Плутарх | страница 6



Затрагивали на этих беседах и дела в государстве. Побывавшие в Риме рассказывали о страшных и невероятных вещах, которые творились при дворе императора Нерона, прозванного Агенобарбом за рыжий цвет волос. Поговаривали о том, что вместе с матерью Агриппиной он отравил своего предшественника, довольно безвредного Клавдия, а потом они сжили со света претендующего на престол Германика. Затем пришла очередь самой Агриппины, которой сынок подстроил кораблекрушение, и жены Октавии, с которой император сначала развелся из-за любви к несравненной Поппее Сабине и отправил в изгнание, но потом все-таки умертвил.

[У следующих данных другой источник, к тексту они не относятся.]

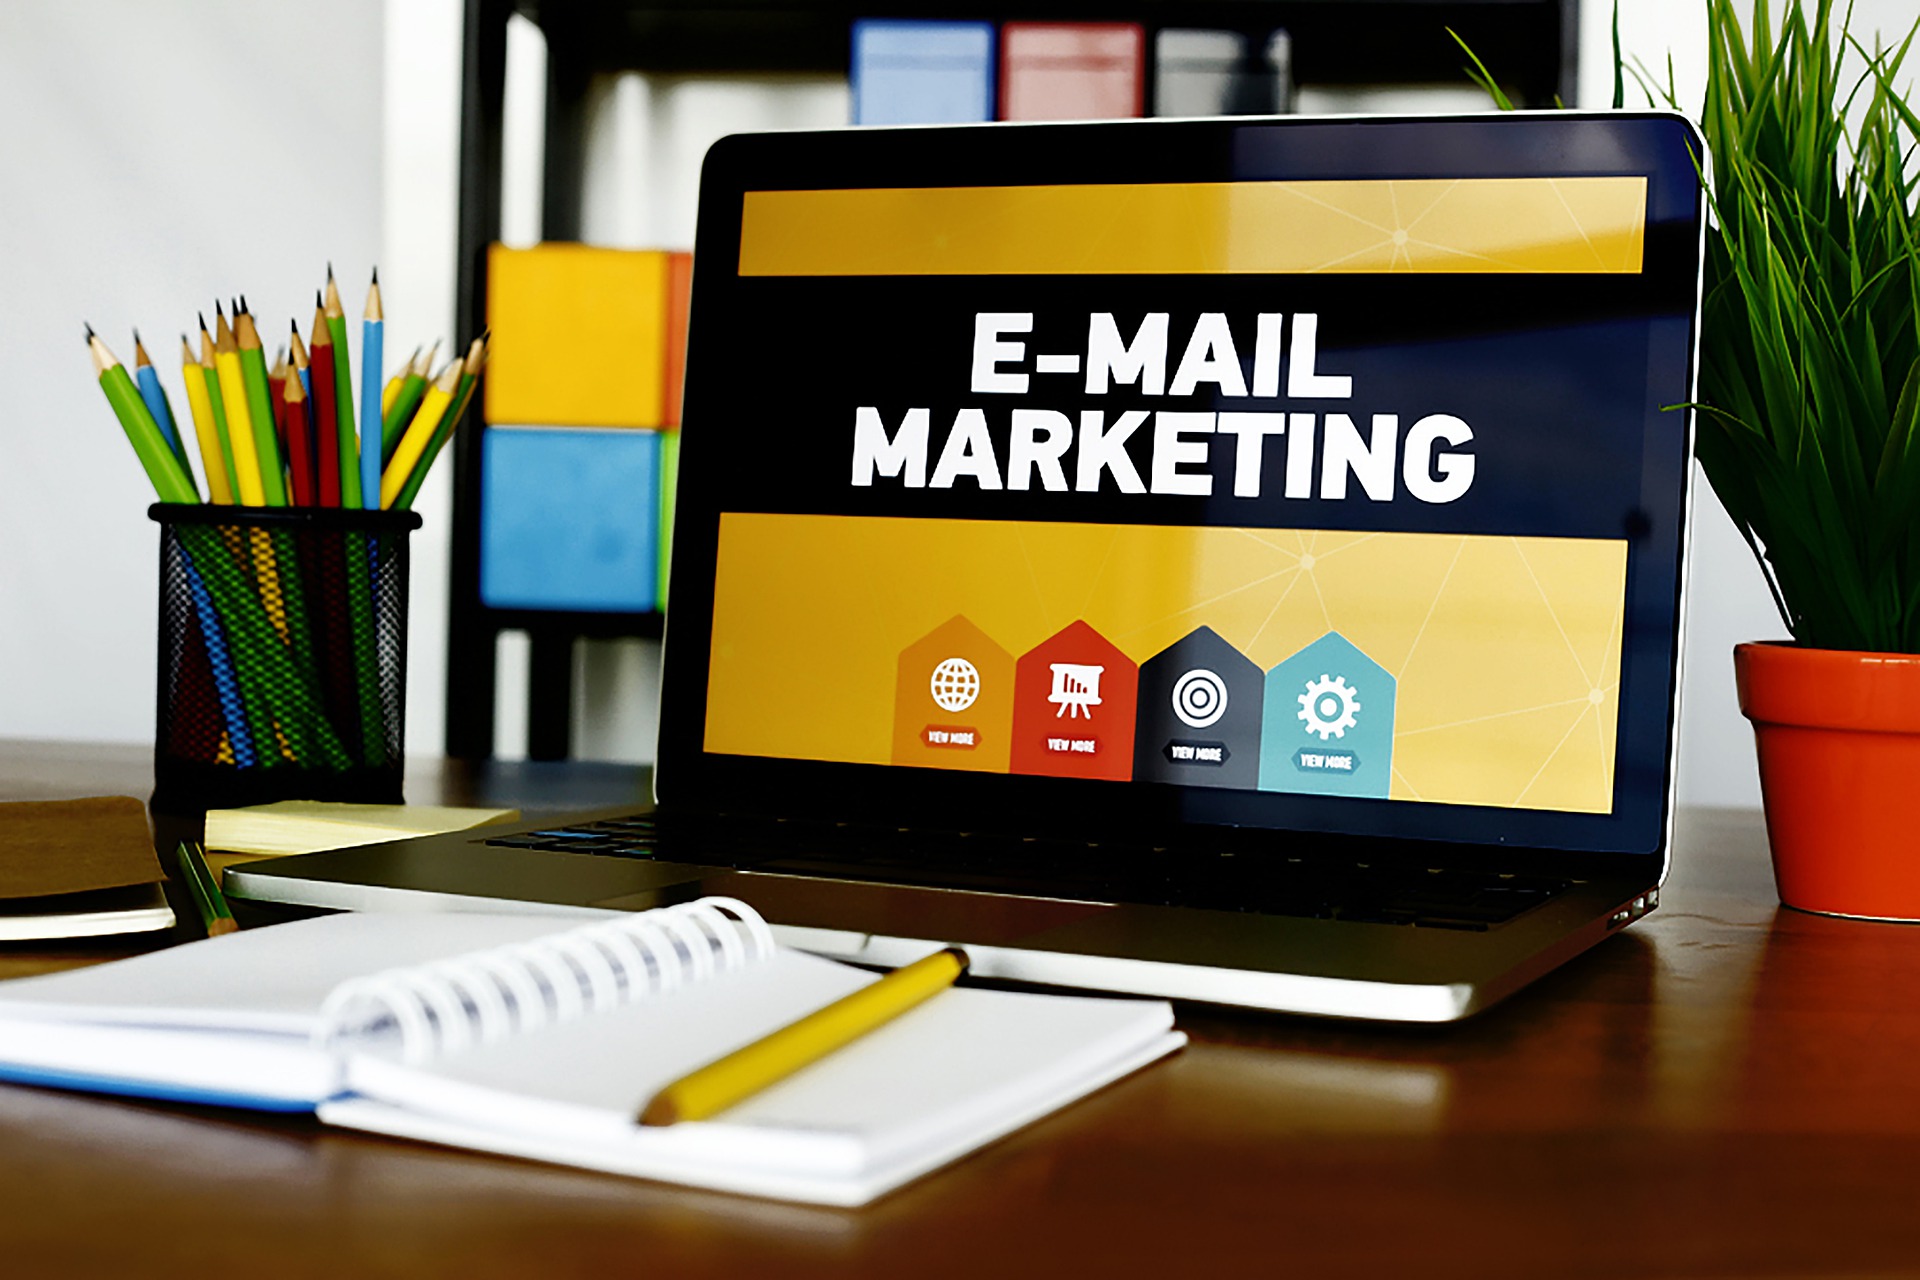 email marketing strategy to send emails on old email list 1

Император издевался над нобилями, заставляя старых сенаторов сражаться друг с другом в гладиаторских доспехах, и сыпал в театральную толпу тессеры — талоны на зерно, одежду из государственных запасов, на золото, рабов и жемчужины. Он любил кифаредов, актеров и гладиаторов, и римский народ с симпатией относился к императору, нисколько не сочувствуя поверженной знати.

Собиравшиеся в доме Плутарха на вечерние беседы слушали все это, не выражая ни возмущения, ни удивления — для них это все были вещи посторонние. Чужими были для них и нобили, и кровожадная римская чернь, и вся эта жизнь — словно бы антипод тем греческим обычаям и нравам, которые они старались из последних сил сохранять. Они бы так жить никогда не смогли, им незачем было об этом и знать, и важным было только одно — как настроен сейчас император по отношению к грекам, к которым он вообще-то благоволил.

Все свое осталось у них навсегда позади, их главным достоянием была память о прошлом, и Плутарх с детских лет жил в атмосфере местных преданий о героях и достопамятных событиях: об основателе города Хероне, которого считали одним из земных сынов бога Аполлона (тоже, кстати, пришедшего из далеких догреческих времен), об амазонках, безмужних женщинах-воительницах, вторгшихся в Беотию с северо-востока задолго до Троянской войны, о знаменитом прорицателе Перипольте. Плутарх слышал об этом столько раз, что со временем все эти давно не существующие люди сделались для него более живыми и настоящими, чем обыватели — соседи и даже обитатели римских дворцов. Ему приходилось видеть найденные при обработке земли наконечники варварских копий, сохранившиеся в болотной трясине обломки мечей и панцирей, и эти свидетельства битв его предков с вторгавшимися время от времени северными племенами всегда представляли для Плутарха значительно больший интерес, чем привезенные с Востока или же из Италии диковинки.